Raynos/non-block.md

## non-block.md

      
    Raw
  

              non-block.md
            
          
    What it means to be non-blocking in node.

From October 2011. Outdated.

In reply to Wilcox's research paper there seems to be a major confusion about what it means to be non blocking and why node is non blocking.
Now let's start with why node is in a single process and why its non-blocking.

What's the alternative?

Let's assume it's one thread per request.

Why would we not want one thread per request?

Well creating a thread is far, far from cheap. It's expensive and has a large overhead. So if your doing 1ns of computation then having a thread is madness.

Ok, so what's the solution?

No threads! Just one process, remove all the overhead. Great, we now have no overhead at all. Everything is nice and pure.
But ehm, we are doing blocking IO everywhere. We are waiting for some thing to happen and then for it to come back to us. Why should we be sitting around waiting for it when we can do more computation in parallel!.

Ok, so what's the solution?

Make all that blocking IO asynchronous. So, what just happened? We made it parallel! How did it become parallel? Well when you send a remote request to some other HTTP server we are no longer blocking waiting for it to come back to us, we are recovering our CPU cycles and putting them to good use doing other things! Blocking HTTP is bad because when you block in your HTTP request you are doing nothing but waiting.

What about the file system? Surely the file system is doing something useful while we are waiting, it's crunching data on our own PC!

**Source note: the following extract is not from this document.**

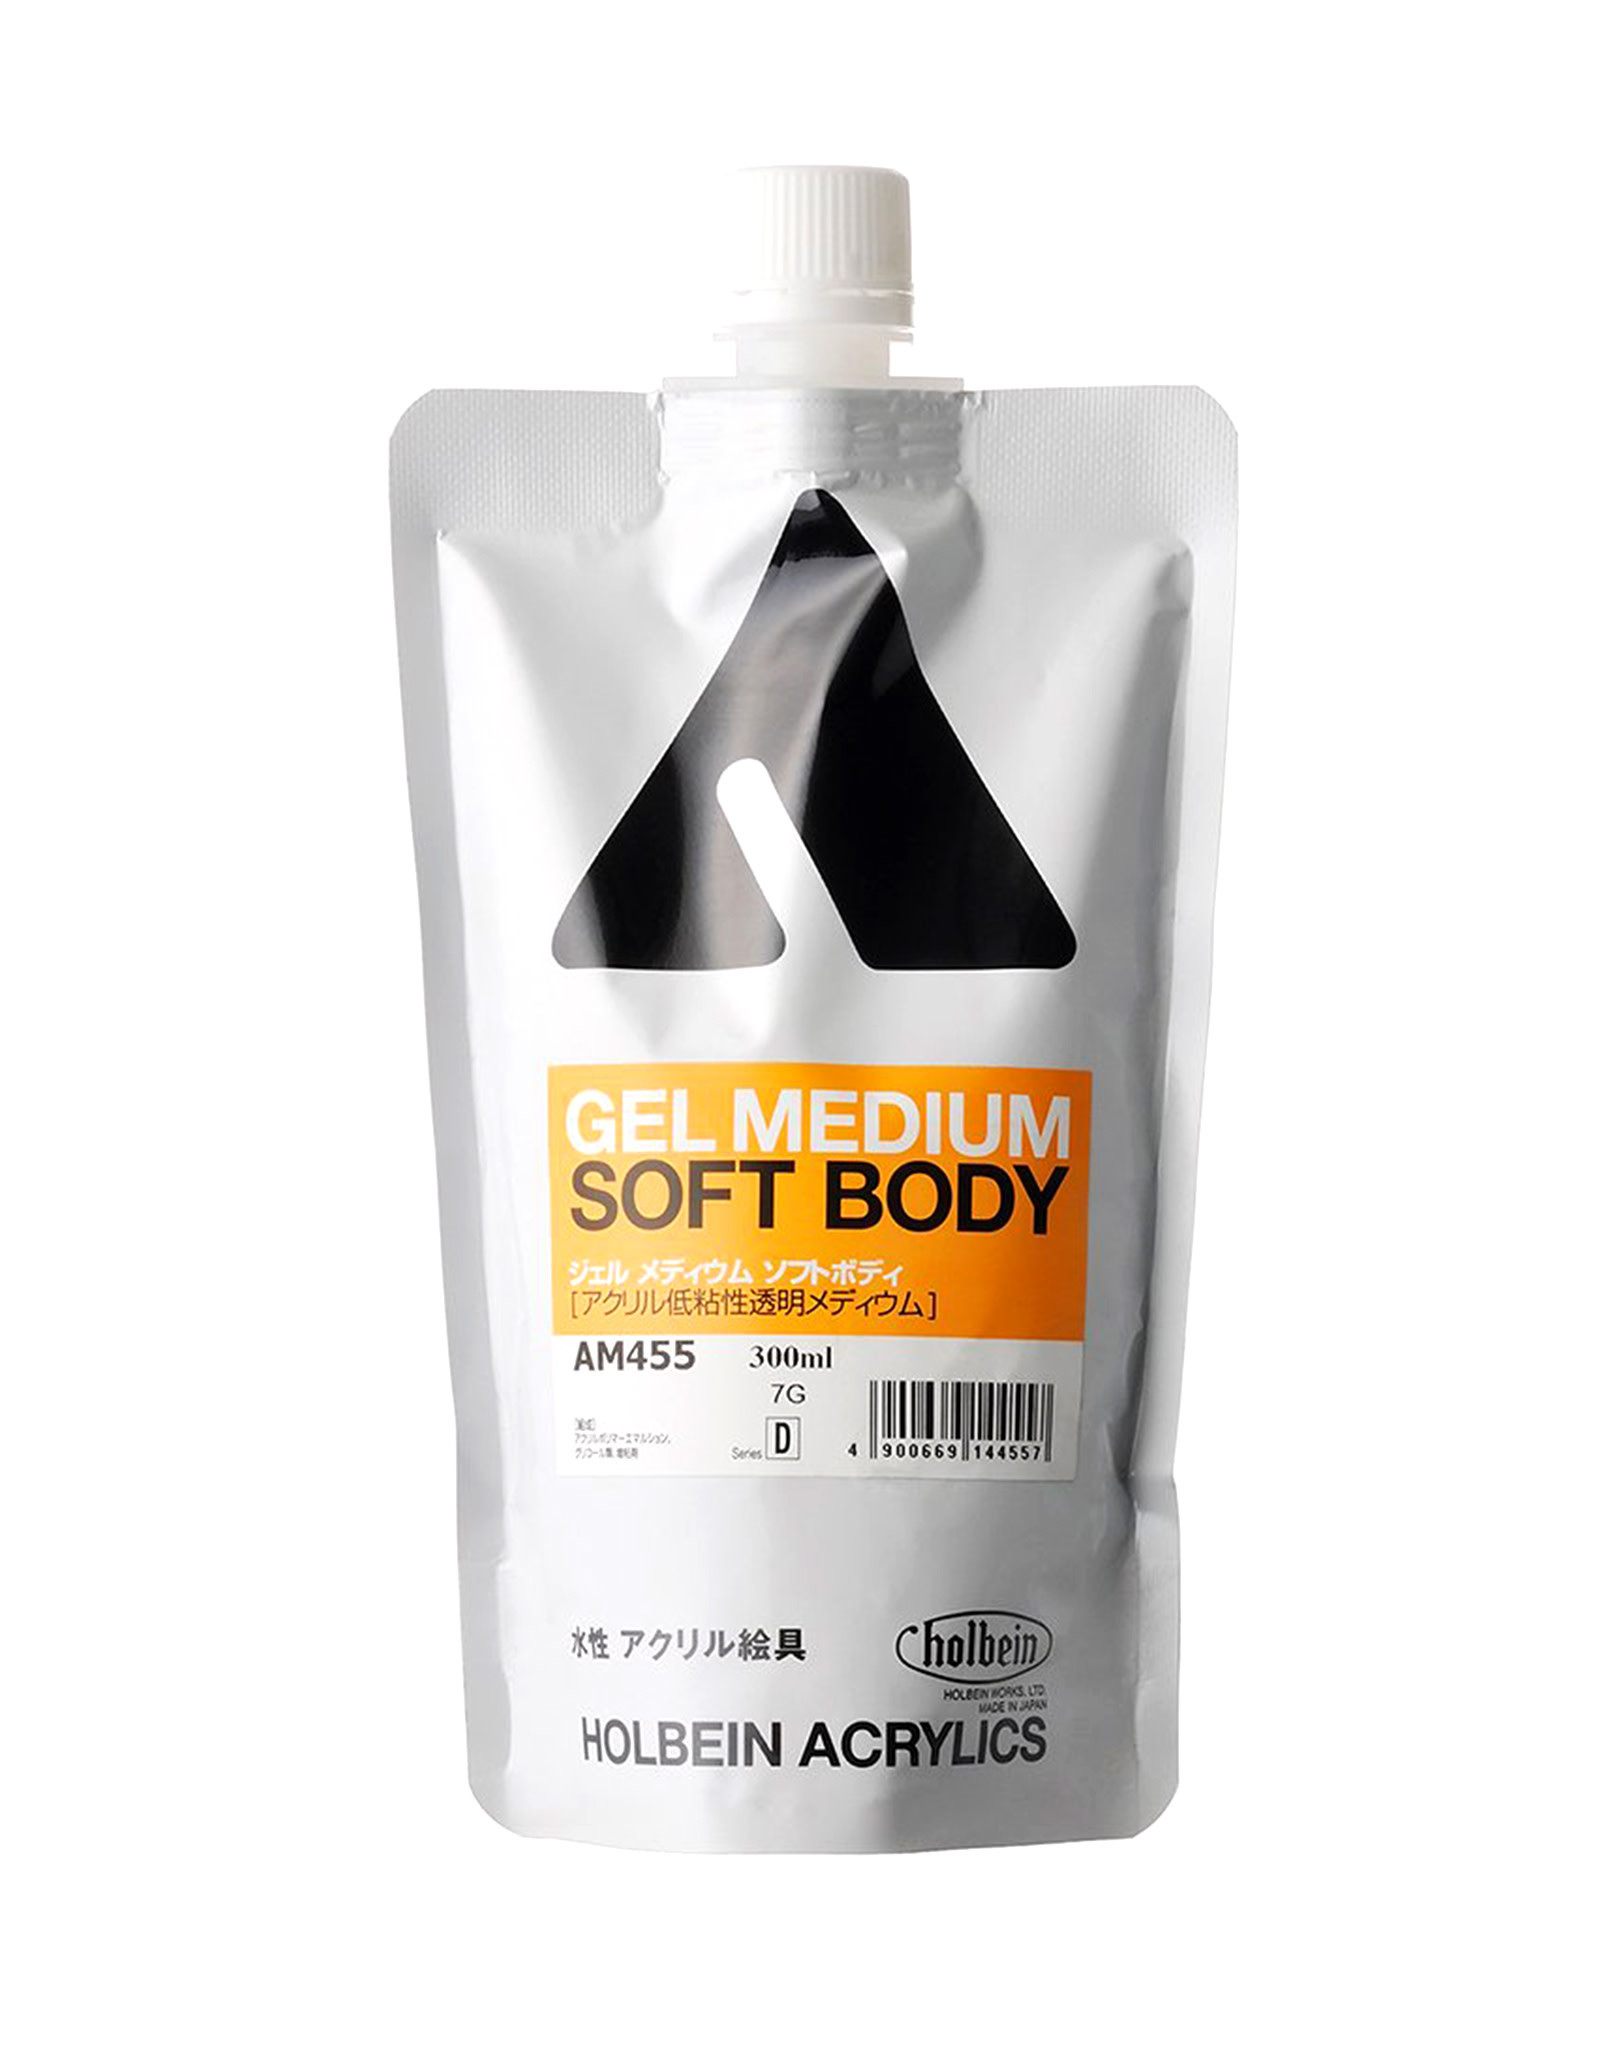 Holbein Gel Medium, Soft Body 300ml - The Art Store/Commercial Art Supply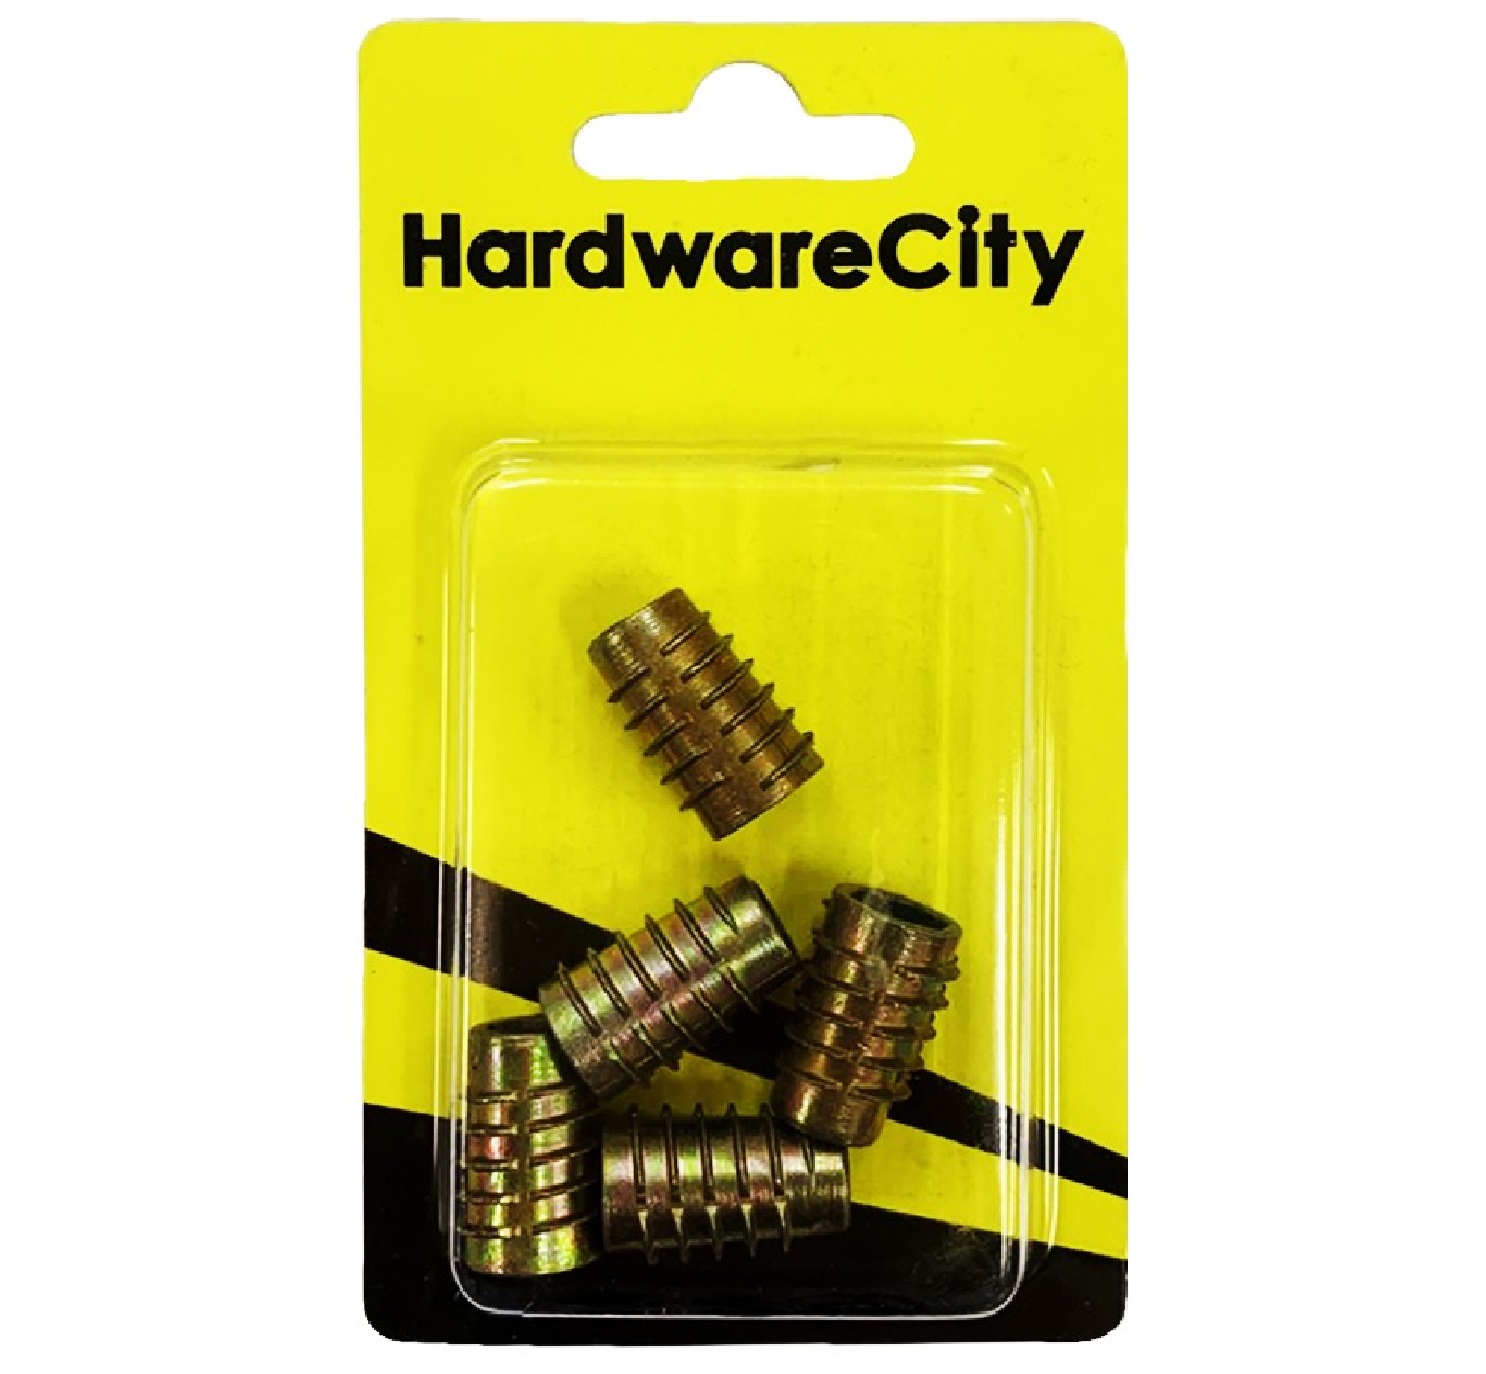 HardwareCity 5/16 Threaded Insert E-Nut, 5PC/Pack

Yes when you make a call to the file system your not wasting CPU cycles as such. However what if you could parallelize file system access without having to faff around with threads ourself? See, if we make file system access asynchronous it basically means that someone is accessing the file system for us in the background (possibly in parallel on the internal thread pool or the IOCP windows magic!) and once it is done it will come back to us.

But where does this event loop business come into play?

Well we have an event loop. On the first loop of the event loop we do a whole bunch of things. Some of these things are asynchronous. Now with asynchronous things we basically tell the event loop "Go and tell someone to do this, then run this when someone finished doing it". Once were done with the first loop of the event loop, we are just going to sit there idly waiting.

Woh but idling is bad!

Idling is only bad if we could be doing something useful instead. Can we do anything useful instead? Oh wait, we just got a message from the event loop. The event loop says "here's an incoming HTTP request and here's that code you wanted me to run when it came in", so now we can go and do something useful and handle that HTTP request. Once we are done handling the HTTP request we give control back to the event loop.
Now the event loop says "Whilst you were doing that two file system requests finished, I'll give you file1 now and once you give control back to me again, I'll give you file2".

So basically the event loop is a global handler for message passing between IO calls.

Eh.., yes something like that.

So everything should be asynchronous and non-blocking in node! Ok, when I do a bit of computation I will make it non blocking by calling process.nextTick and giving control back to the event loop!

WOH! Wait, WHAT? Now ask yourself why would you want to make that computation asyc & non-blocking? Is it because your sitting there waiting for something to happen remotely?
No it's not, your doing the computation on your own CPU. Is it because if you do it asynchronously you will be able to make it parallel without faffing around with threads? No, because JavaScript is single threaded, you can't just magically make it parallel.
Now what are you actually doing, your saying I have these things happen in sequence and I want to make it look like they happen in parallel. So I will time share them using process.nextTick.

But I'm doing some expensive computation and I'm hogging the event loop!

I see, well a manual load balancing system using process.nextTick and the event loop is not the solution. What you want instead is a real load balancer in front of your node server.
Ideally you have N node instances behind the node server. Each node instance has it's own event loop and all actions on the node instance take roughly roughly the same time. If you split your node instances up by fast, average and slow actions then relatively none of these actions are "hogging" the event loop more then the other.

That's not good enough, I want it to be magically parallel!

It doesn't quite work like that, if you want it to be parallel create a new child process. Of course a child process has overhead so you have to think about whether you want to do this. For example, spawning a child process to do video encoding using a C library would be a good use-case.
What you were doing before was time sharing.
Now go read up on Time-sharing and Co-operative multi-tasking
What you really want is for the operation system to use Pre-emption on your multiple processes. I.e. the OS can do this time sharing better then you can.
Now hopefully you understand why we only care about non-blocking IO and that abusing process.nextTick and claiming you can do better process scheduling then an OS makes no sense.

But isn't running one process bad for my node server when I have 8 cores?

Meh node --cluster free cluster based load balancing to scale to your 8 cores.